Advanced Usage - Standard "Intuitive" Response Mode
import torch
from transformers import AutoTokenizer, AutoModelForCausalLM
import flash_attn
import time
tokenizer = AutoTokenizer.from_pretrained("NousResearch/DeepHermes-3-Llama-3-3B-Preview")
model = AutoModelForCausalLM.from_pretrained(
"NousResearch/DeepHermes-3-Llama-3-3B-Preview",
torch_dtype=torch.float16,
device_map="auto",
attn_implementation="flash_attention_2",
)
messages = [
{
"role": "system",
"content": "You are Hermes, an AI assistant"
},
{
"role": "user",
"content": "What are the most interesting things to do in Paris?"
}
]
input_ids = tokenizer.apply_chat_template(messages, tokenize=True, add_generation_prompt=True, return_tensors='pt').to("cuda")
generated_ids = model.generate(input_ids, max_new_tokens=2500, temperature=0.8, repetition_penalty=1.1, do_sample=True, eos_token_id=tokenizer.eos_token_id)
print(f"Generated Tokens: {generated_ids.shape[-1:]}")

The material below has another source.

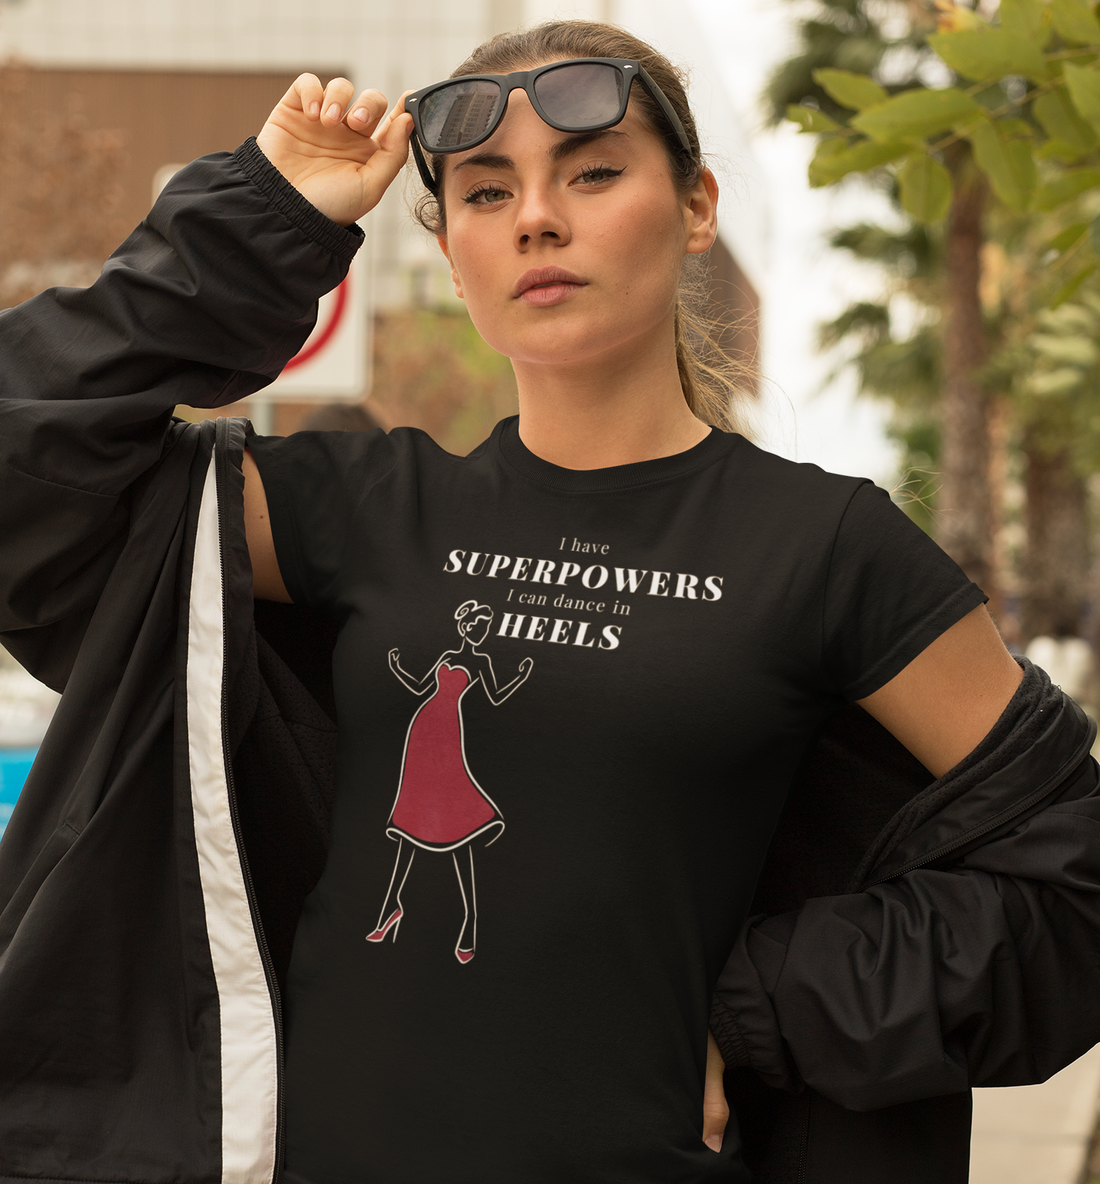 Dance t shirt design with the text "I have superpowers i can dance in heels". A dance tshirt for the brave Tango dancers, salsa dancers and those who do pole dance and perform challenging manoeuvres and at the same time wearing heels!

response = tokenizer.decode(generated_ids[0], skip_special_tokens=True, clean_up_tokenization_space=True)
print(f"Response: {response}")
VLLM Inference
After pip install vllm
, you can run the model with vLLM in your terminal:
vllm serve NousResearch/DeepHermes-3-Llama-3-3B-Preview
You can then use the model over API using the OpenAI library, just like calling OpenAI's API.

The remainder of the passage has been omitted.